Artificial Neural Network training with 6 features

Question 1

Your main function is fine. However either your training vectors or your backpropagation code is not (assuming your network is big enough to learn this). So this is going to be a bunch of question instead of an answer, but you may get the right idea:

How many samples does your training vector include?
Are those samples roughly classified half/half or is there a bias?
Are there identical training samples that are classified ambiguously?
How is the error calculated? Abs/Sqr average?
Do you randomize the initial network weights?
What is the initial error before training?
Does the error change in the first iteration?
Can you post the code on pastebin?

Question 2

Are you using batch learning or online learning? If the answer is batch, then maybe your learning rate is too high. You can try scaling it dividing for the number of training patterns.
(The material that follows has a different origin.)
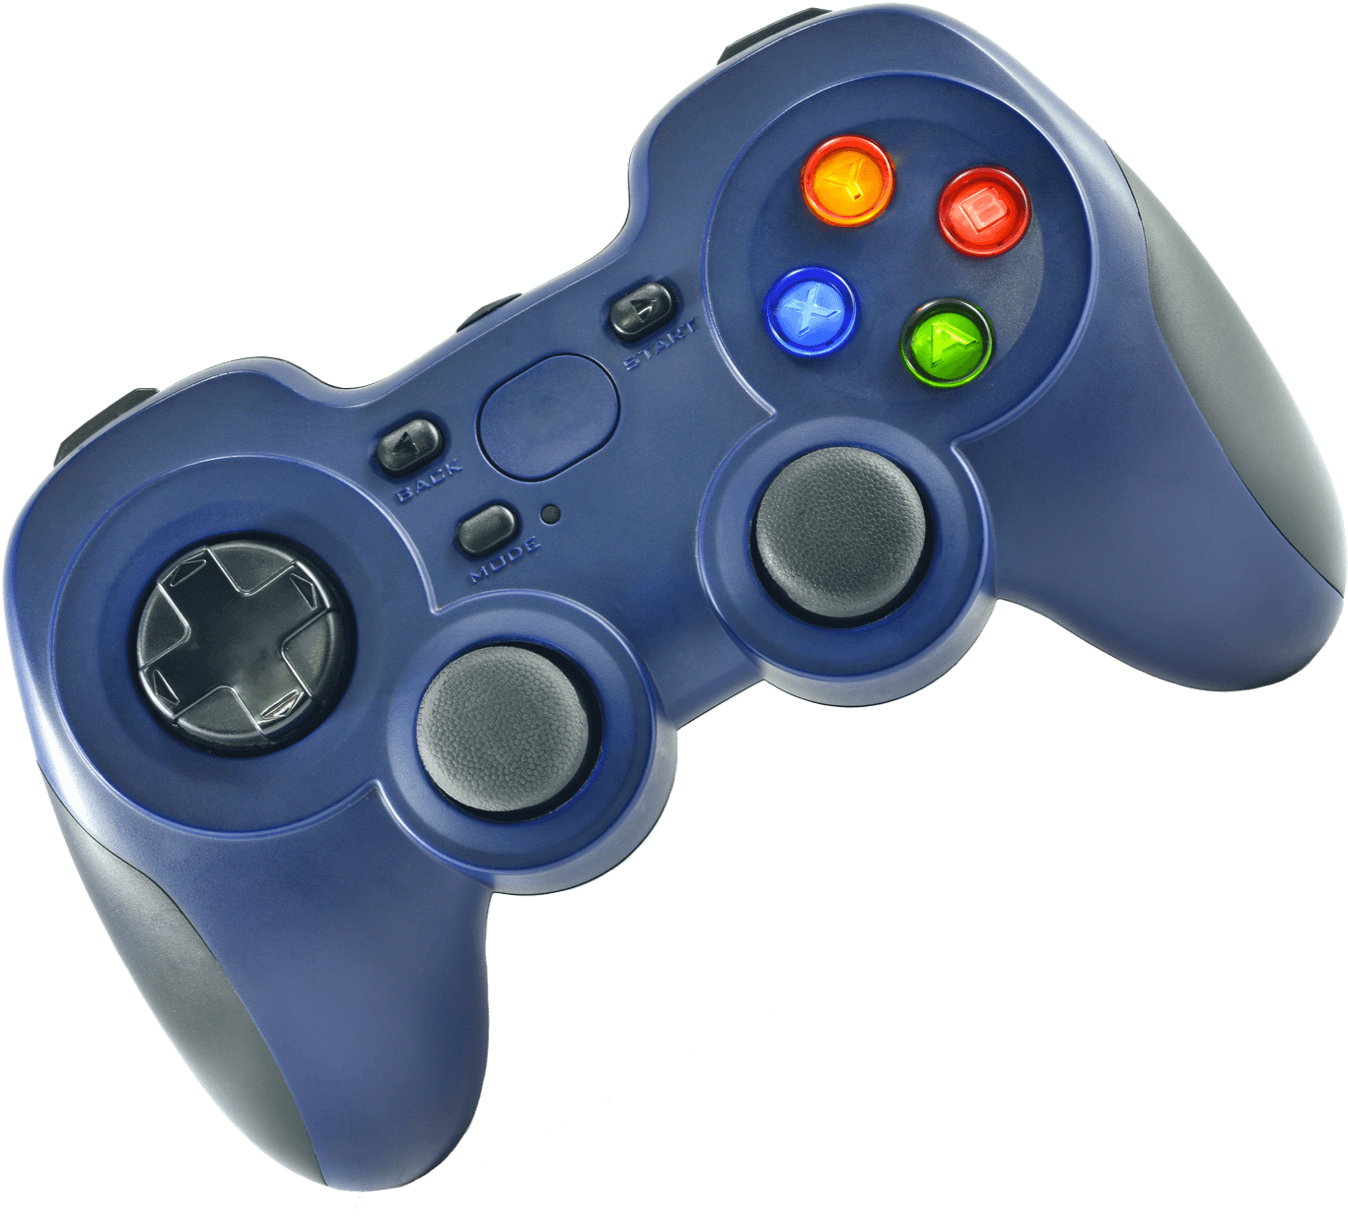 A Blue Video Game Controller

As @Marcom said, if you have too few neurons your network has too low capacity, that's a bit rough to explain but basically you aren't using the non-linear region of the neurons and your network is biased.

Check here for a better explanation.

Try with a huge number of neurons first, then you can decrease the number as long as the error keeps going down.

Question 3

Try experimenting with adding an additional hidden layer and also try increasing the number of hidden nodes. I can't give you a technical explanation off my head but if you have too few nodes the ann might not be able to converge.

Question 4

A loss function not evolving at the start in an MLP is usually because the network can't infer any rules to fit your training data (the grad of your backprop can't find any meaningful local minima) . This can be caused by a lack of data for the problem you try to resolve, or a restricted architecture.

Increasing your number of layers and/or the size of them should change that. Although you will be prone to overfitting if your architecture is too complex. You will have to find a balance fitting to your problem.

And don't hesitate to start with a low learning rate at first, setting it too high will cause your gradient to "bounce" and not converge.